Laissez-faire and laissez-passer in religious matters have not always been the norm. Let us mention in particular the repression of the Bacchanalia of 186 BC and the destruction of the Isiac places of worship on the Capitol between 58 and 53 BC. Furthermore, the author forgets to say that the reconfigurations of worship only concern the gods of venerable nations: people readily draw from the pantheon of ancient enemies of magnitude (the Veians, the Greeks, the Carthaginians with Juno Caelestis), they do not think of borrowing their obscure divinities from the Gauls or the Africans. And if one goes to pay homage to some local god in his provincial sanctuary, it is by applying a Roman varnish to it.

Similarly, when the book discusses the freedom with which religious practices were laughed at, some nuances could be added.
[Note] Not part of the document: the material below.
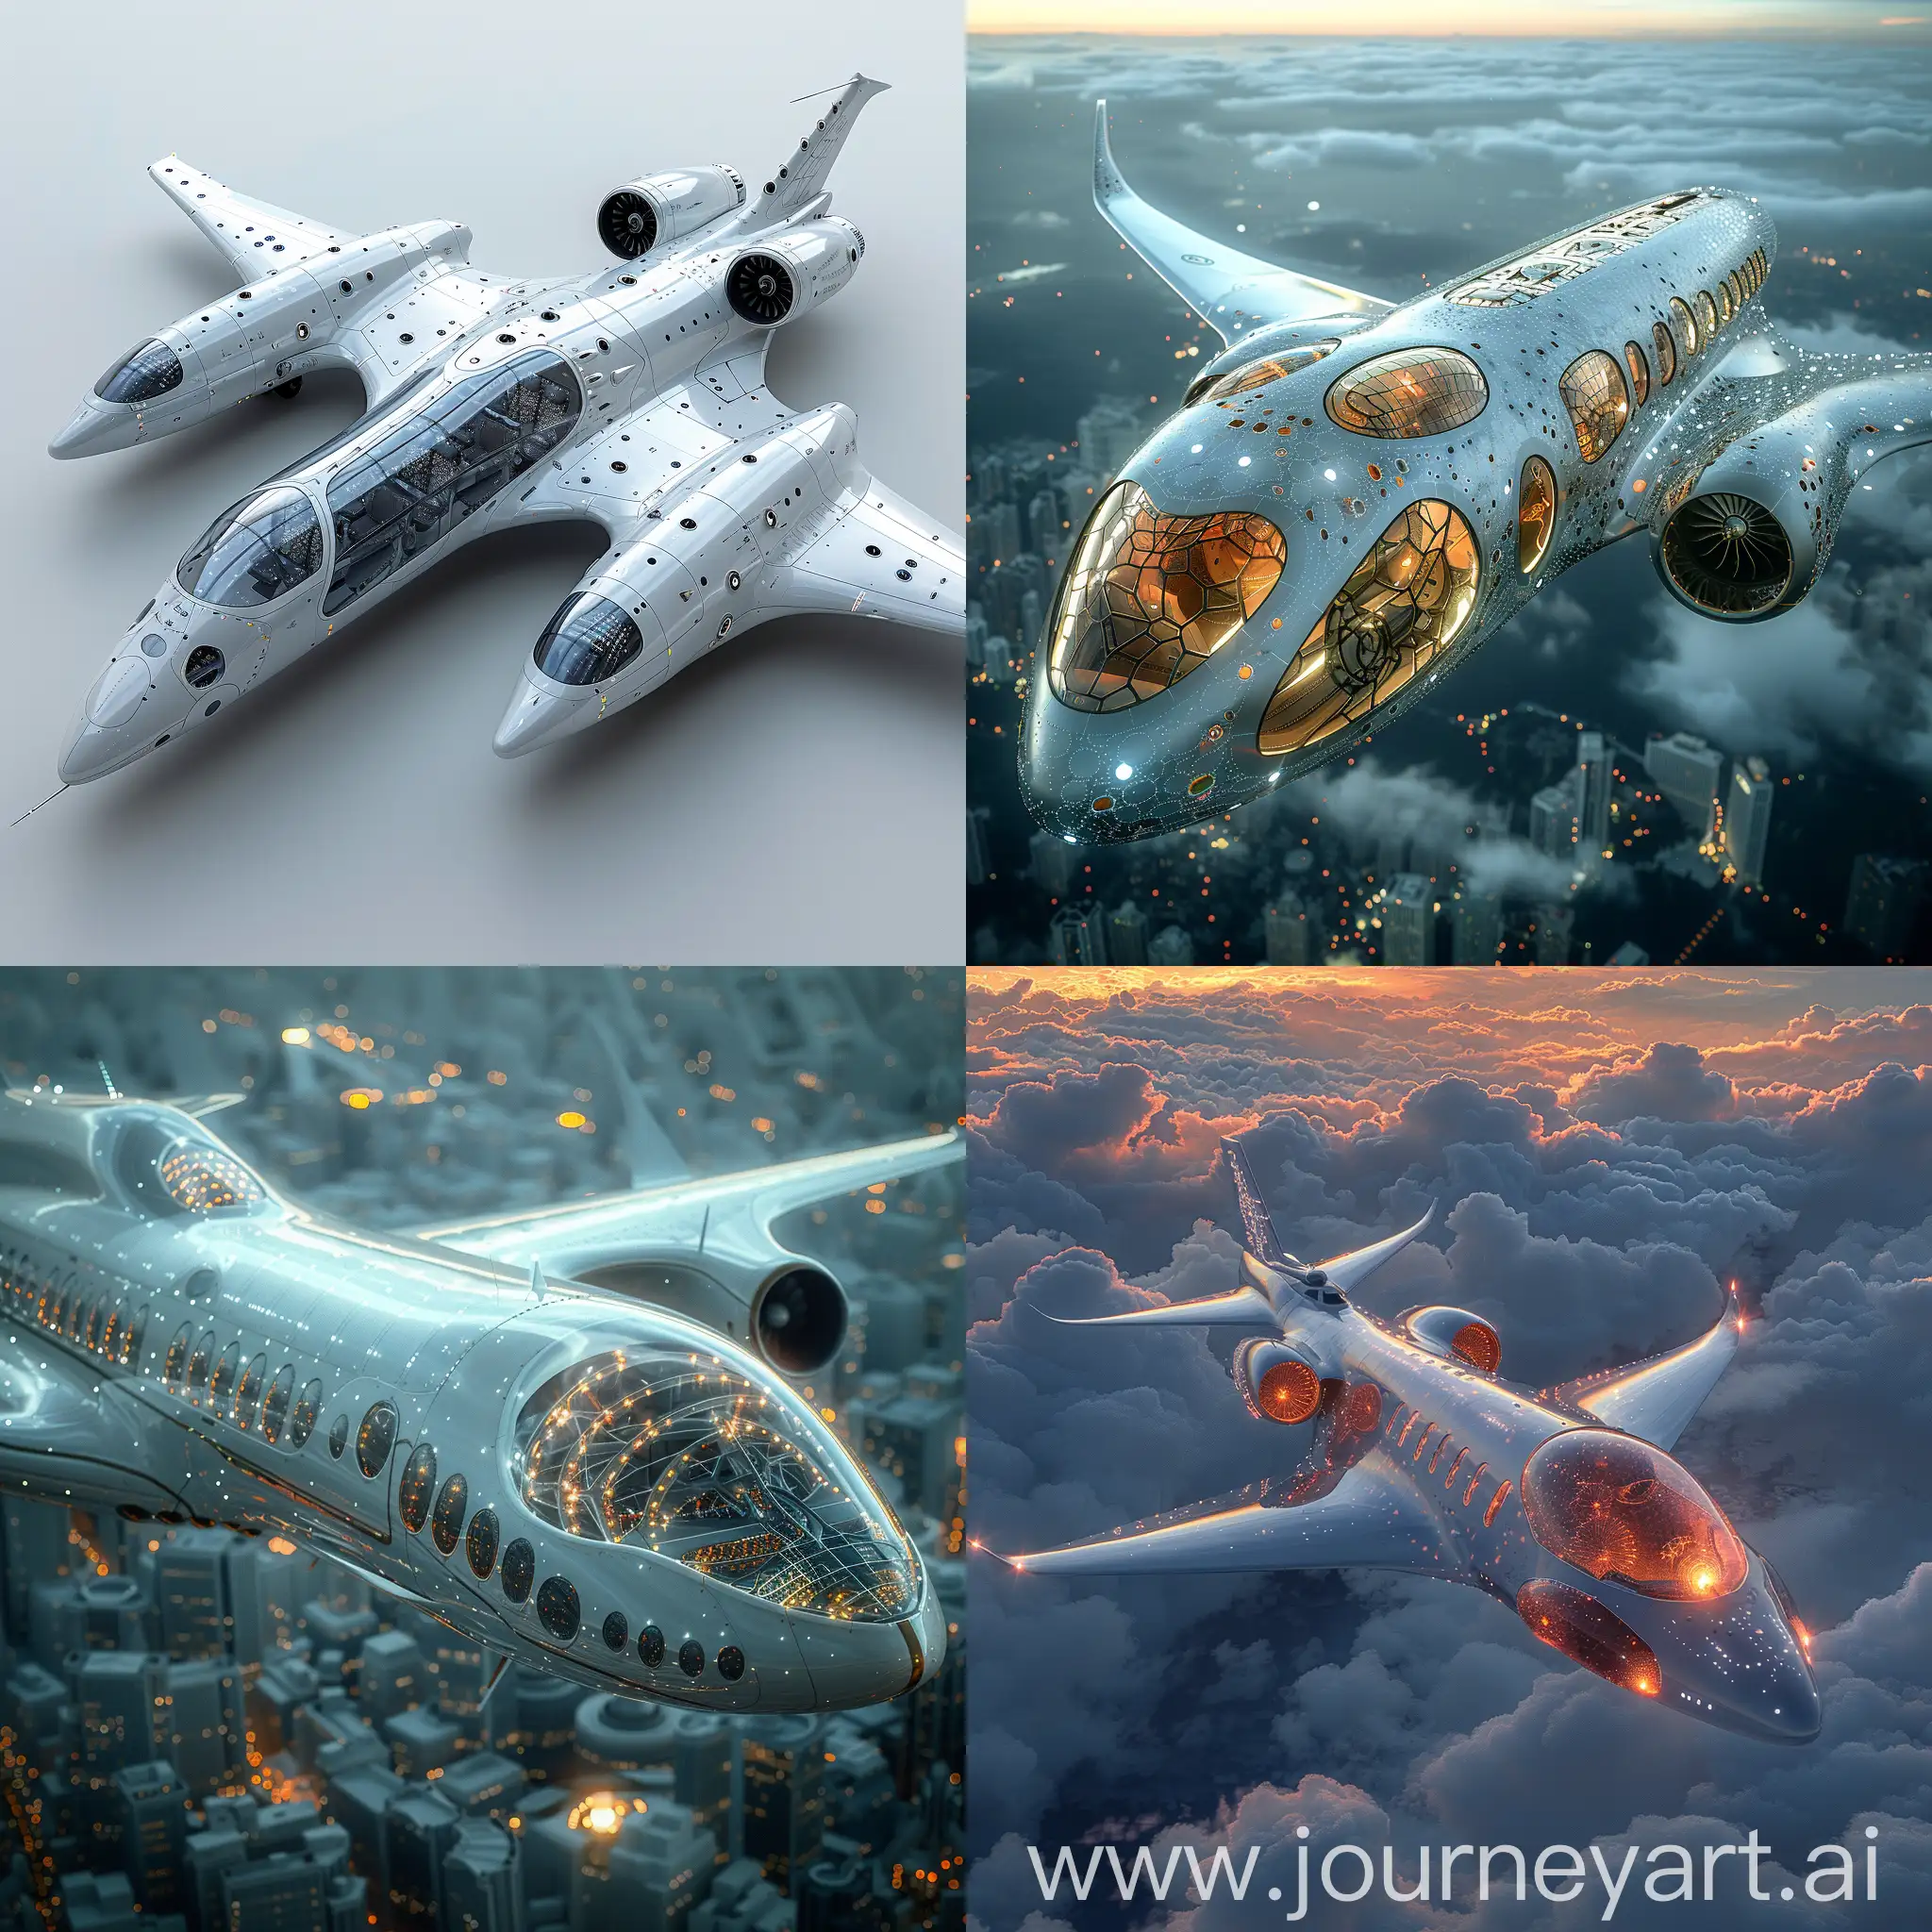 Futuristic-Passenger-Aircraft-with-Advanced-Composite-Materials-and-Smart-Features

Maurizio Bettini mentions (p. 186) the satirical texts that mock the Dea Syria or Mater Magna, to show that ancient humor does not directly attack these goddesses, but their ridiculous devotees.

The author implies that foreign cults cannot be despised in themselves, by primary xenophobic reflex. This is to forget the absence of distinction, in Antiquity, between religion in essence and everyday religious gestures. No Roman proposed to amend the exotic processions of the Great Mother, with their flagellant priests, to make them more decent. The gods and the adherence they inspire are one and the same. Eastern religions, with some of their excesses, are to be taken or discarded.

Divine Eclecticisms

In this register of the comic, which Mr. Bettini has not chosen to exploit fully even though he has been a good connoisseur of it since his very first works and his translations of Plautus’s plays, there would still be much to say. And what if one of the main virtues of pagan antiquity was precisely its capacity to mock its own gods? Comedies and satires kindly attack the Immortals, in the bad tricks they play on humans. Blasphemy does not exist in Rome and irreverence does not mean disrespect: characters who consider themselves stronger than the gods themselves can make people laugh by their impudence, they will be – whatever happens – soon punished.

Similarly, this essay does not carry full conviction when it makes a diagnosis of contemporary Western societies, relying on the fact that in our time, intercultural opposition can only be played out between competing monotheists.

Sacrificing the crib out of respect for Muslim children, removing a minaret from the Tuscan hills in homage to our bell towers paradoxically emanate from the same mental framework : one which is based on the deep conviction, so internalized that it often becomes unconscious, that there can be only one God, one and only one. (p. 31)

If by chance the Indian community in Great Britain had claimed the right to the mass construction of Hindu temples, a British national reaction would certainly have been expressed. The conflict occurs on the physical terrain of public space (which the game of egoisms prefers to oneself rather than to others) and on the symbolic terrain of traditions, often fantasized. Whether this cultural skein is entangled on a monotheistic or polytheistic background, matters little.

Beyond these slight criticisms, there remains a stimulating text, one of the most valuable contributions of which is of a philological nature. Reflections abound on the career of the word paganusfrom the verb to tolerate or the term polytheiaused by Philo of Alexandria, which we see reappear later in the form of theexchanged polytheism by Samuel Purchas in 1614. This book is also worth reading for its anecdotes, taken from ancient sources, which have often gone unnoticed. Rereading theHistory Augustusthe author thus recalls that, at home, in his lararium, the emperor Alexander Severus (3e century AD) brought together effigies of emperors diuibut also of Apollonius of Tyana, of Christ, of Abraham and of Orpheus! An Antiquity that is not afraid of eclecticism and that seeks wisdom where it is: in the four winds.